I was on the Zoloft for a long time, and our body's reactions to things changes over time, what with the variation in hormones over our lifetime and so forth. I don't really know in my case what actually happened, but because I was on such a low dose of Zoloft (50 mg), I think it could well have been simply a short-term anxiety that left on its own when Zoloft was completely removed from my system. Unfortunately, my doctor thought, and probably rightly, that the answer to the panic on 50 mg of Zoloft was to INCREASE the Zoloft, but after 6 weeks or so, while I had no anxiety, I had worse depression than I'd ever had. He says it's rare for a person with major depression to suddenly not be depressed, but it's four weeks and counting, and I appear to be "cured" or in remission, at least. Time will tell. If I don't get depressed again within, say, the next year, I will be one of a few "rare" cases, according to my doctor, who had previously had me classified as someone with an "organic disorder" that I would have for the rest of my life. Psychopharmacologists live and learn too! :wink:

But nobody really knows much of anything about these conditions except that sometimes drugs lift depression for some people and sometimes they don't.

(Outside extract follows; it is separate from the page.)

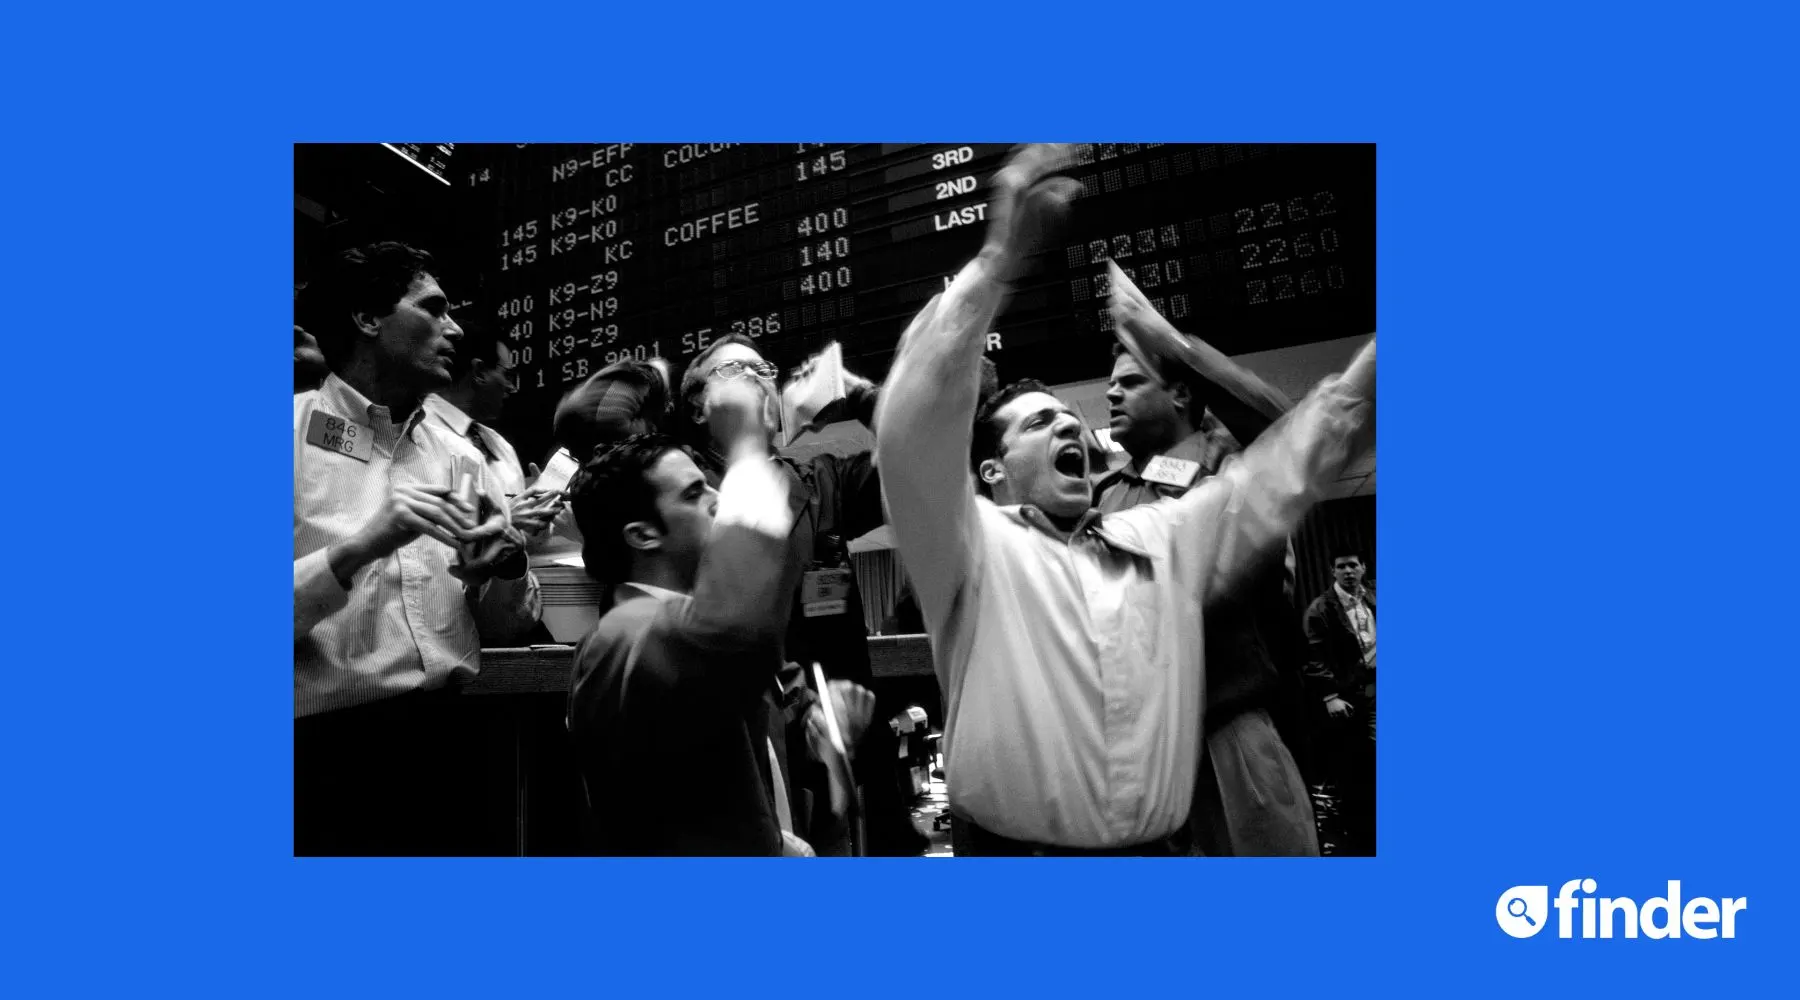 Traders_getty_1800x1000

My panic was short-lived -- but only after I decided I could not tolerate four hours of it. It probably would have been about that length or longer had I not taken ativan. I never had a worry about addiction because I didn't need to take it every day and it was such a low dose.

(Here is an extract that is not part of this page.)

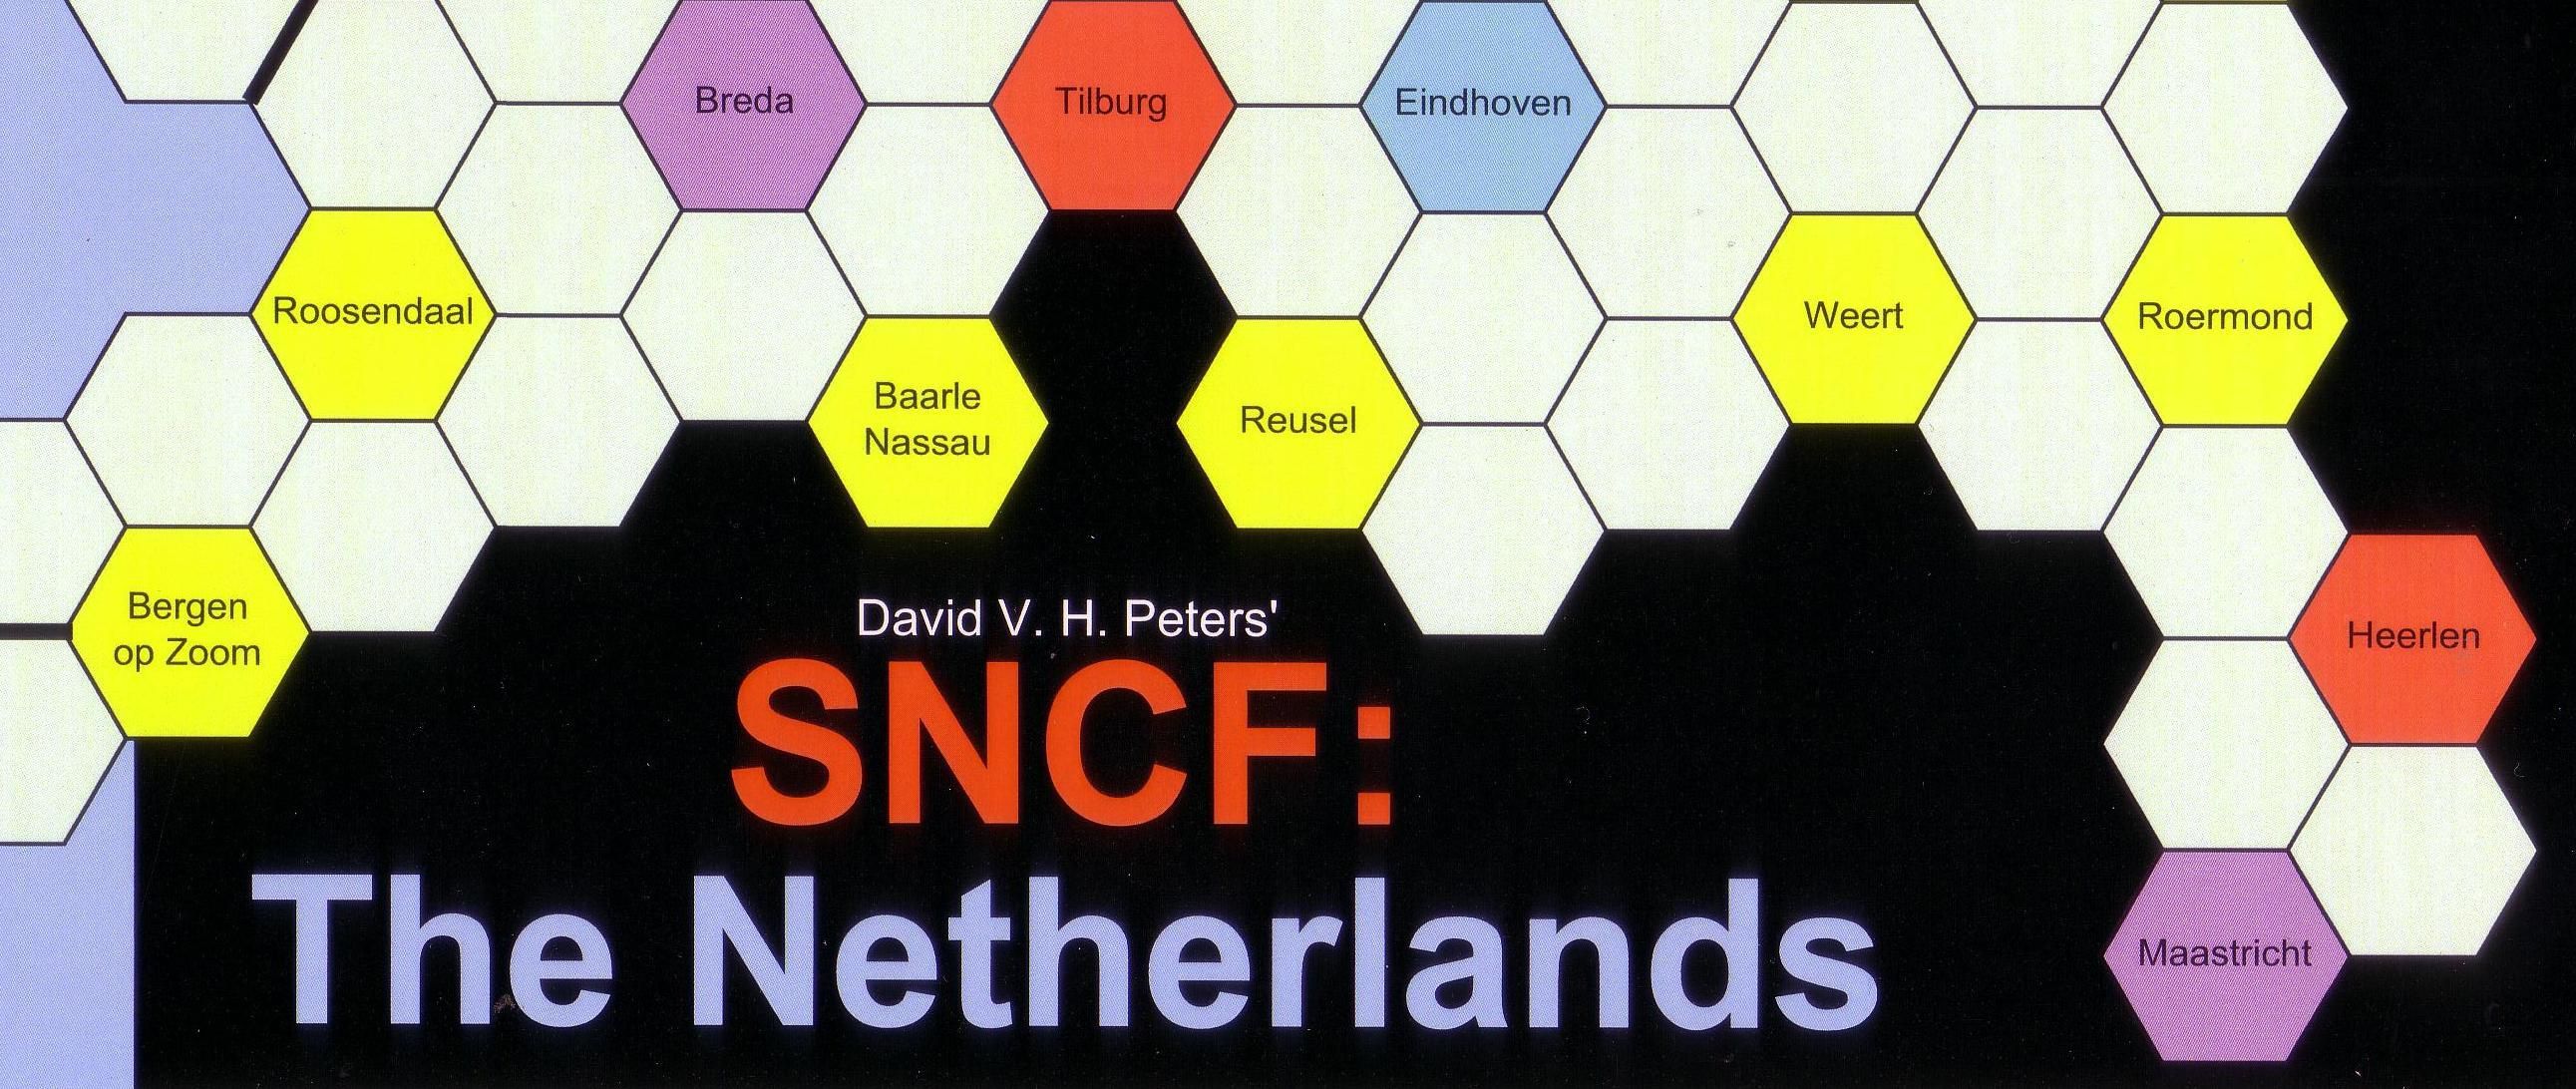 SNCF: The Netherlands

I tried the techniques of Claire Weekes. Didn't work.

One thing my sister, who is a physician herself, had suggested to me and I didn't try it because I just could not do it in time was this: when you feel a panic attack coming, run and get a tall glass of water and drink it down as quickly as you can without choking.

For those who are continually getting panic attacks and aren't taking a drug to stop it, it's worth a try.